The Web Services Security Language must support a wide variety of security models. The following list identifies the key driving requirements for the specification:

Message Security Model is specified in terms of security tokens combined with digital signatures as proof of possession of the security token (key).

Security tokens assert claims and signatures provide a mechanism for proving the sender's knowledge of the key. As well, the signature can be used to "bind" or "associate" the signature with the claims in the security token (assuming the token is trusted). A claim can be either endorsed or unendorsed by a trusted authority.

One special type of unendorsed claim is Proof-of-Possession. Such a claim proves that the sender has a particular piece of knowledge that is verifiable by, appropriate actors. For example, a username/password is a security token with this type of claim. A Proof-of-Possession claim is sometimes combined with other security tokens to prove the claims of the sender. Note that a digital signature used for message integrity can also be used as a Proof-of-Possession claim.

Protecting the message content from being intercepted (confidentiality) or illegally modified (integrity) are primary security concerns. This specification provides a means to protect a message by encrypting and/or digitally signing a body, a header, an attachment, or any combination of them (or parts of them).
 
 

d) GXA Routing

As SOAP messaging evolves into a general-purpose Global XML Web Services Architecture there must be a means of addressing and transmitting SOAP messages over various types of communications systems. This enables a wide range of communication patterns such as peer-to-peer or store-and-forward networking. It also allows messages to be efficiently vectored to distributed processing nodes.

These features are supported by the following specifications:

Because WS-Security, WS-License, WS-Routing, and WS-Referral are modular, they can be used together. For example, WS-Security describes how to digitally sign SOAP messages that use a WS-Routing header. Each of these specifications provides extension and composition mechanisms that enable future Global XML Web Services Architecture specifications to be incorporated into a complete solution.
 

e) Future GXA development

Interactions across organizations have many opportunities for failure ranging from transmission errors to incompatible or unavailable business processes. Reliable Messaging and Transactions allow the builders of XML Web services to manage the scope and effect of failures.

Reliable Messaging must provide the following basic functionality in delivering messages: e2e messaging, two party sessions, delivery exactly one message.

XML Web services need to operate reliably over intranets and the public Internet, over transport protocols that are not completely reliable. Reliable messaging addresses issues arising from transmission errors. This SOAP-level reliable messaging protocol provides delivery guarantees isolating application processes from the detailed handling of transmission failure and its recovery, allowing a developer to concentrate on automating a process with a much-simplified error handling model. In the exchange of messages, individually or as part of a long-running process, communicating parties will be able to obtain end-to-end delivery guarantees so that messages will not be lost, duplicated or delivered in the wrong order.

Transactions must provide functionality for enabling transient services and processes running for hours and days and capable to redefine resources and utility services.

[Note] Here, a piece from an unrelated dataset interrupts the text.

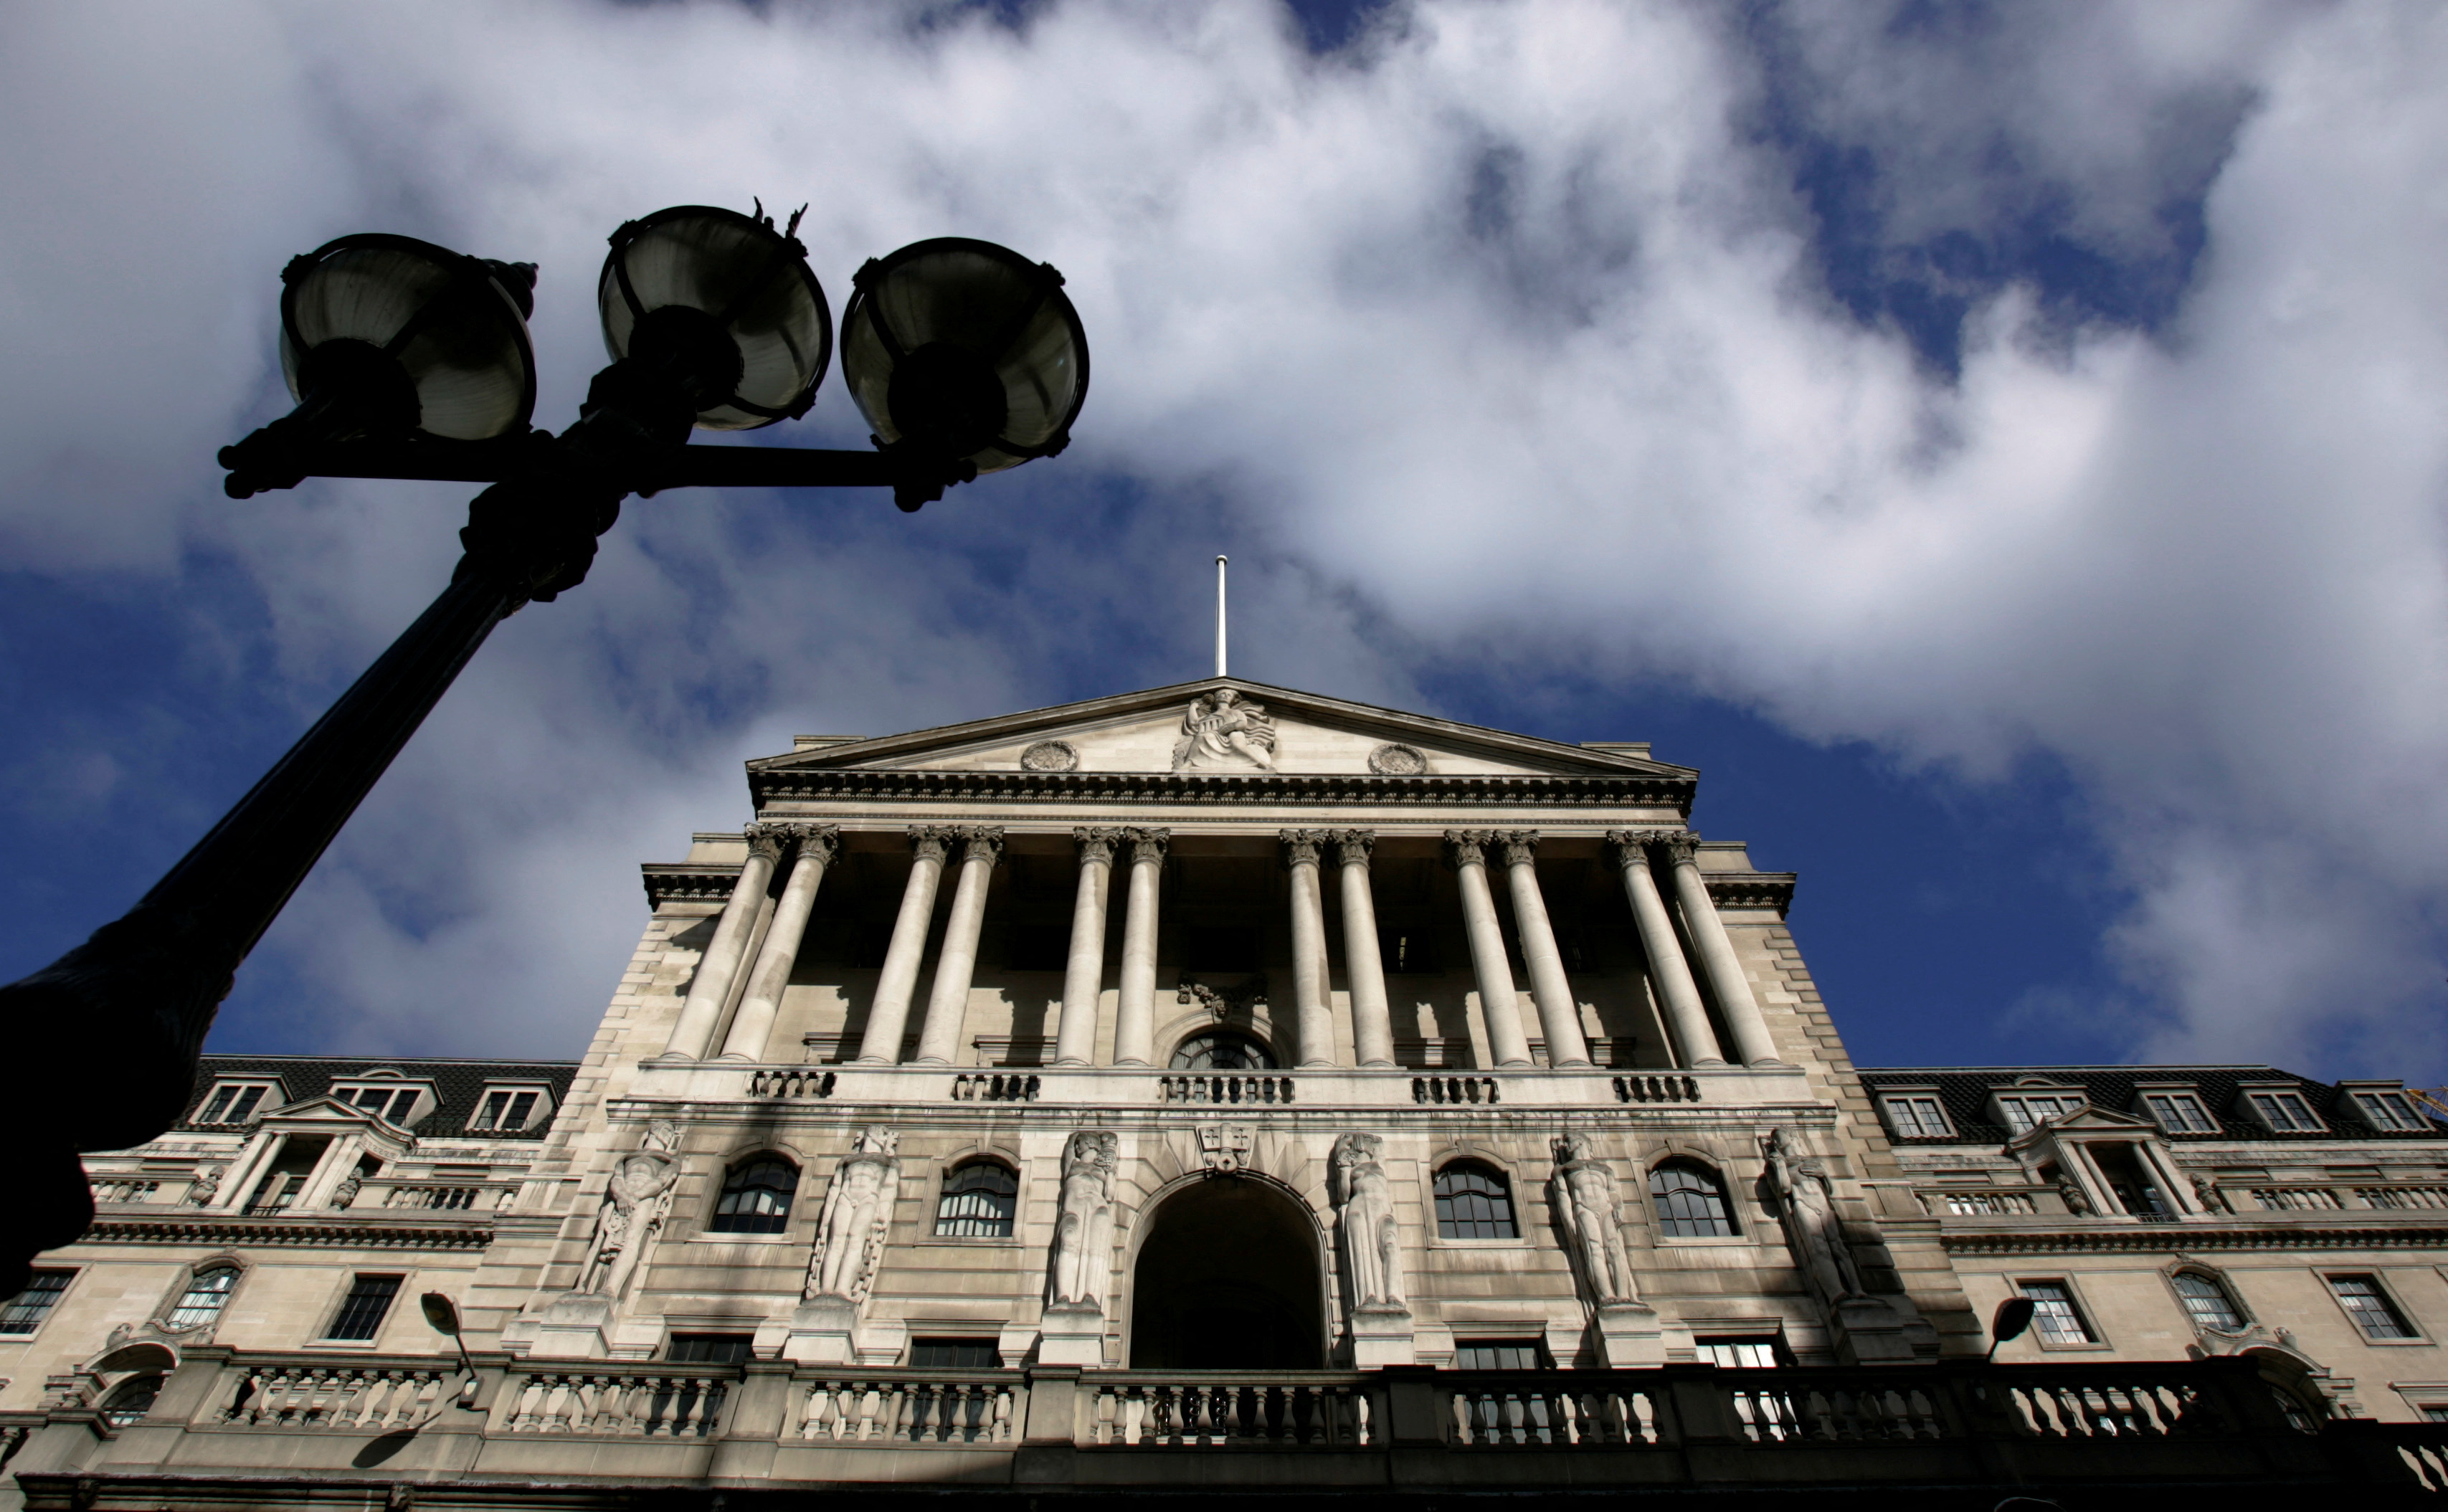 The Bank of England is seen in London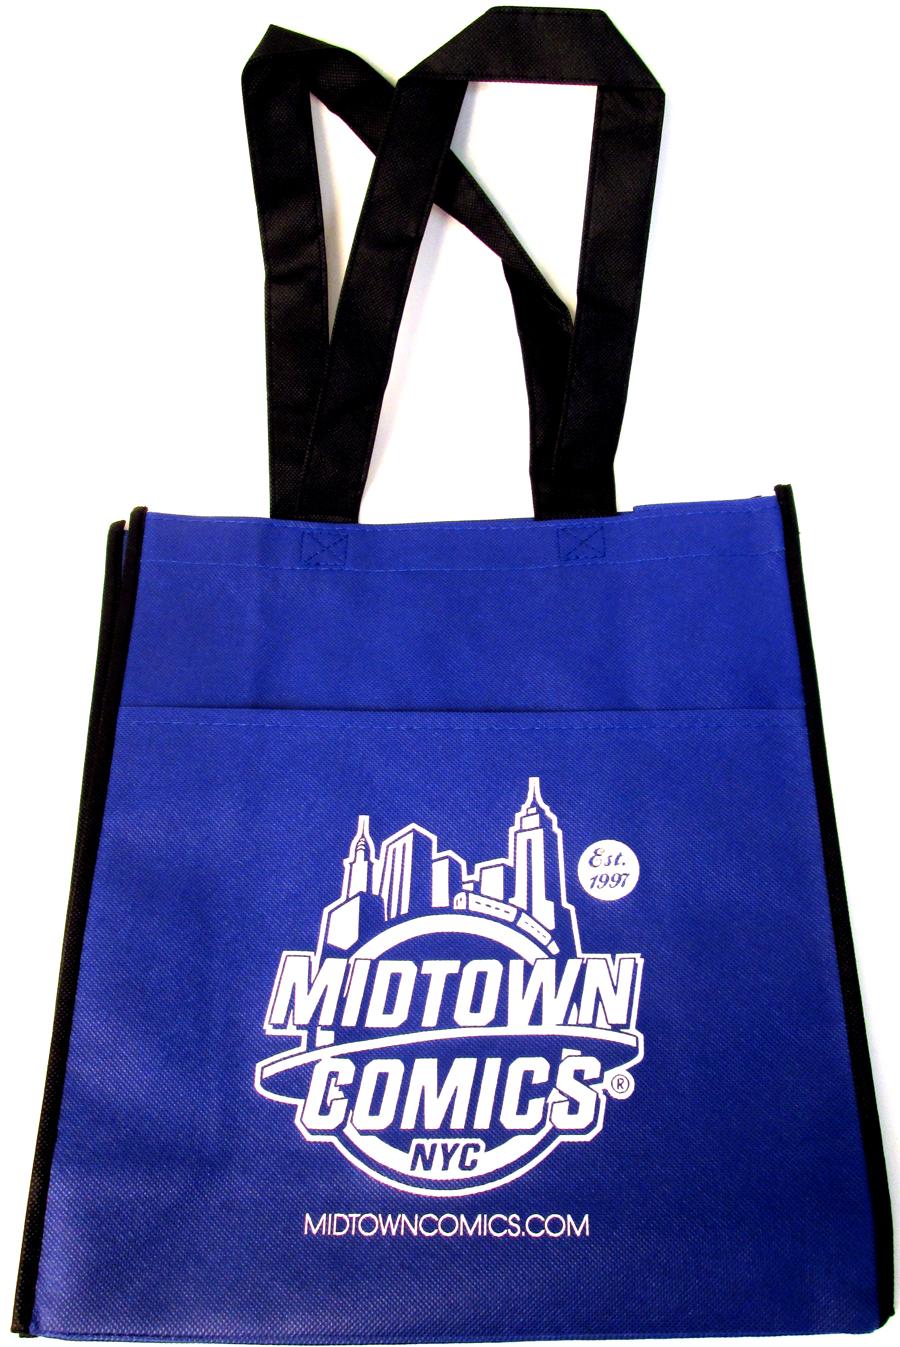 Midtown Comics Logo Recycled Shopper Tote (13.5-in x 12-in x 4.5-in)

Transactions address the possibility of business-level inability to complete a process. Transactions allow multiple parties involved in a process to arrive at a consistent final outcome (or discover that this is not possible). Existing two-phase commit protocols are appropriate in some circumstances. Also needed are more loosely-coupled techniques, such as exceptions and compensation, which enable a broader range of transactions to be automated across trust boundaries. Developers will have powerful process-modelling languages to express the patterns of messages exchanged between XML Web services, the interactions of those messages, and the business processes they reflect, including both normal and exceptional conditions.

Reliable messaging and transactions represent important challenges that companies face today when developing advanced XML Web services across trust boundaries. The Global XML Web Services Architecture provides the flexibility to develop such additional capabilities and the structure to implement and deploy them.
 

f) Web Services limitations and future development

Major Web services limitation is seen in the initial orientation of WS technology on single domain distributed architecture based on enterprise VPN running behind firewalls. Another limitation of current WS platforms is not allowing dynamic resources subscription, as in case of Utility computing.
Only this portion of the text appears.